I.F. :C'était l'euphorie des retrouvailles, cela faisait presque cinq ans qu'ils ne s'étaient pas vus. Mais le départ a été un déchirement pour eux. Le petit, Patrick, vit les choses différemment parce qu'il a 5 ans et demi. Mais pour Nelly, la maman, et pour les plus grands, Vérane, Jeff et Naomie, qui ont 12, 13 et 17 ans, leur pays, c'est la Centrafrique. Ils ont reconstitué leur noyau familial et, en même temps, ils se trouvent confrontés à la vie française et à l'administration française. Si Patrick a fait sa rentrée des classes très vite après les vacances de février, les trois grands sont toujours à la maison.
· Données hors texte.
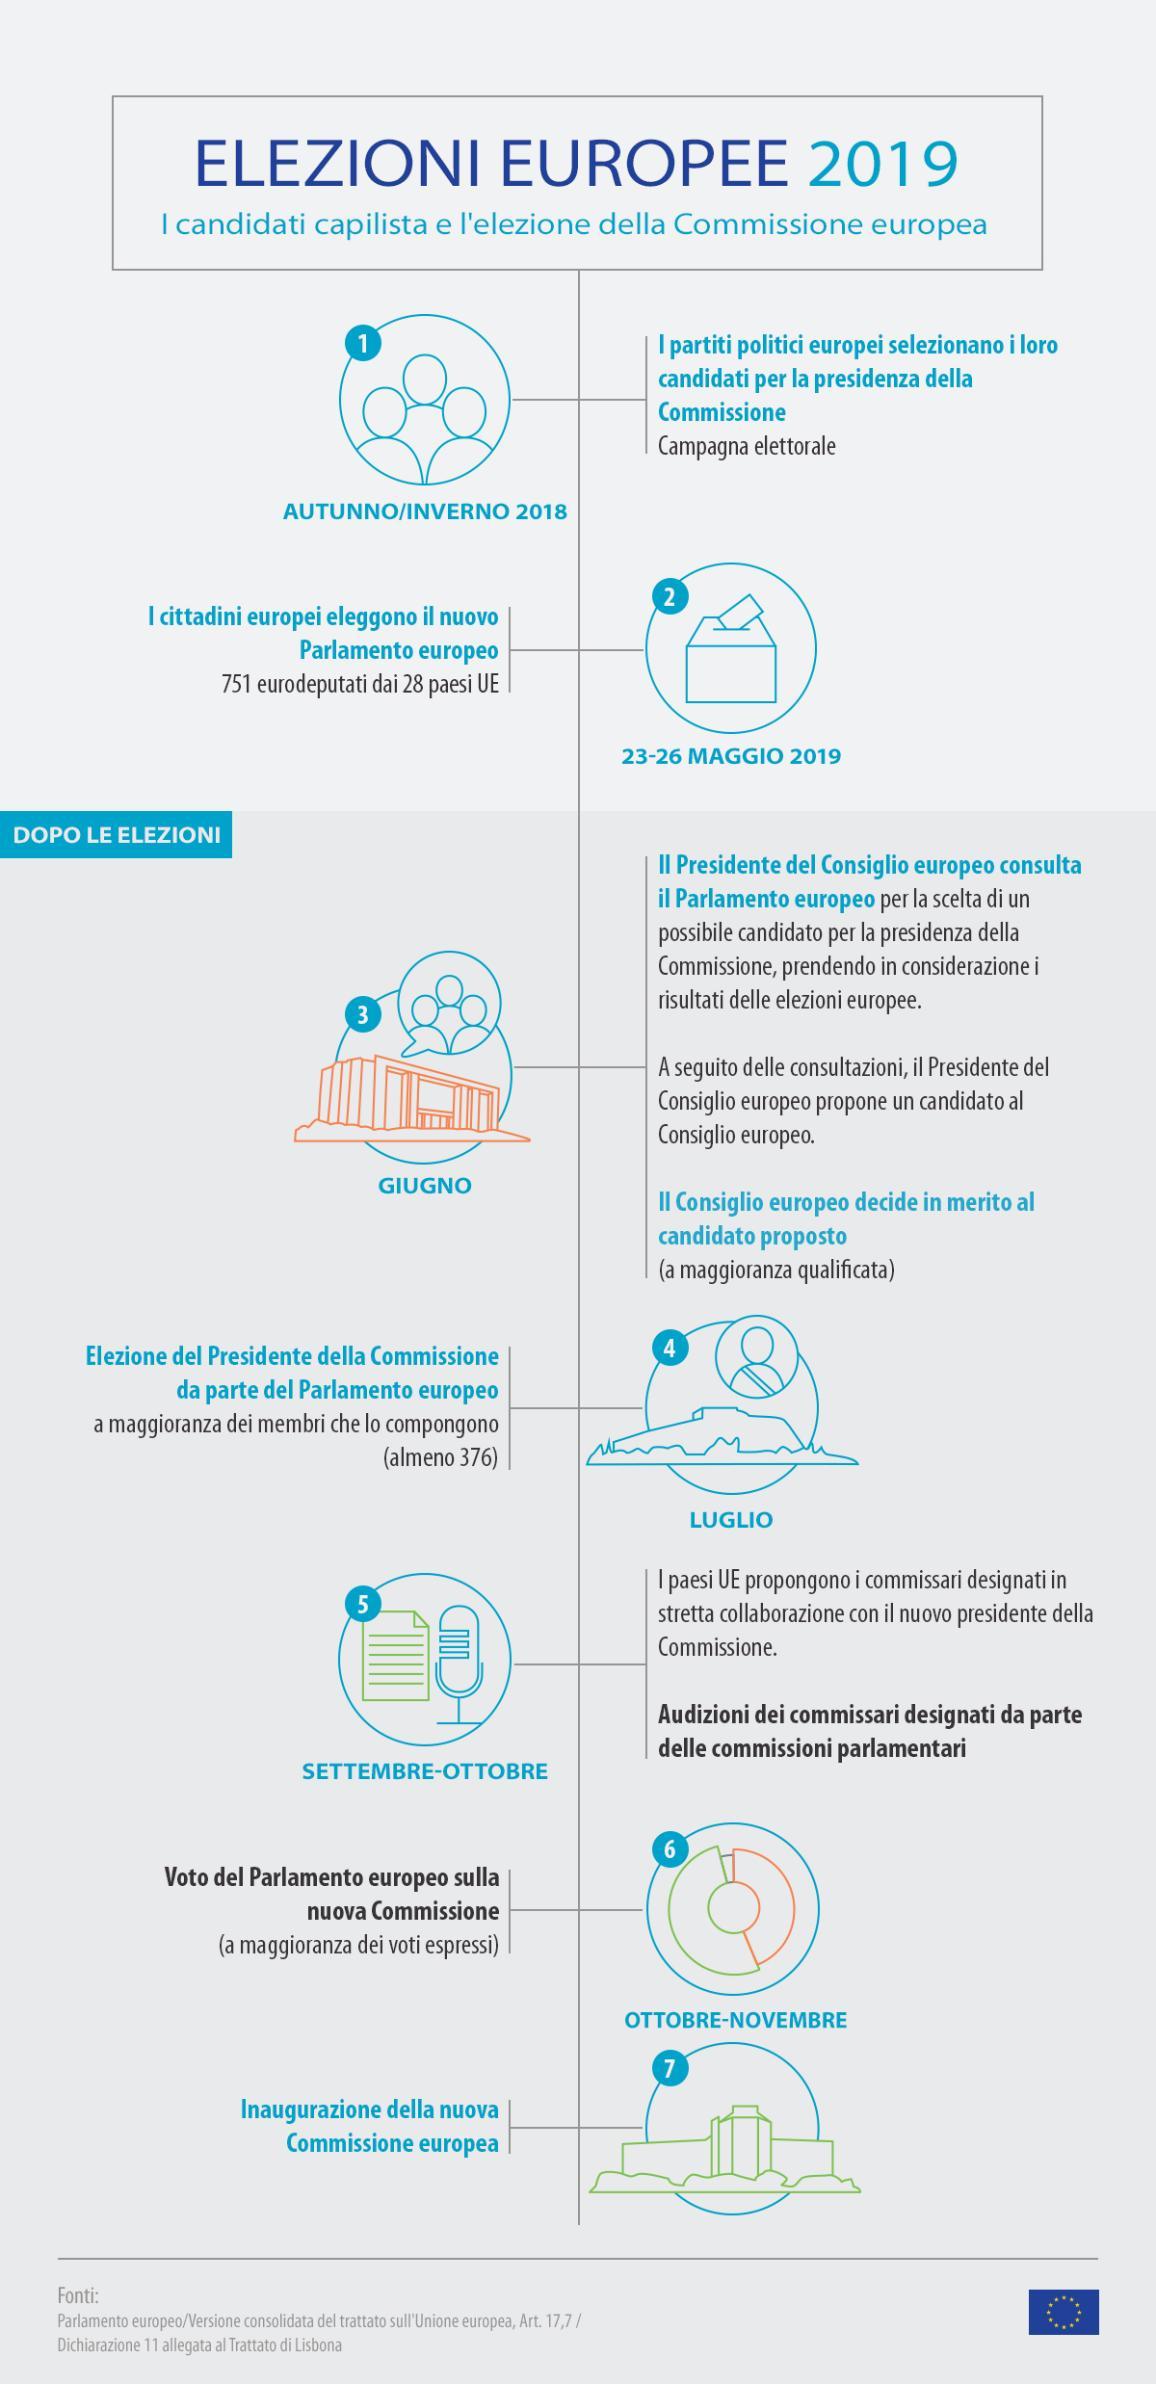 Infografica sulla cronologia dei passaggi successivi alle elezioni europee

Ils ont passé leurs tests de niveau, mais n'ont aucune nouvelle de leur entrée possible au collège, au lycée. Ce sont des enfants qui n'ont qu'une envie, se refaire des copains ici, rentrer dans leur vie française. Ils sont francophones, ils ont sans doute un niveau scolaire qui n'est pas le même que les Français mais il faut les insérer dans cette vie-là. C'est comme ça qu'ils vont s'installer en France. Ce sont des enfants mineurs, l'état français doit les scolariser.

Comment va la République centrafricaine en ce moment ?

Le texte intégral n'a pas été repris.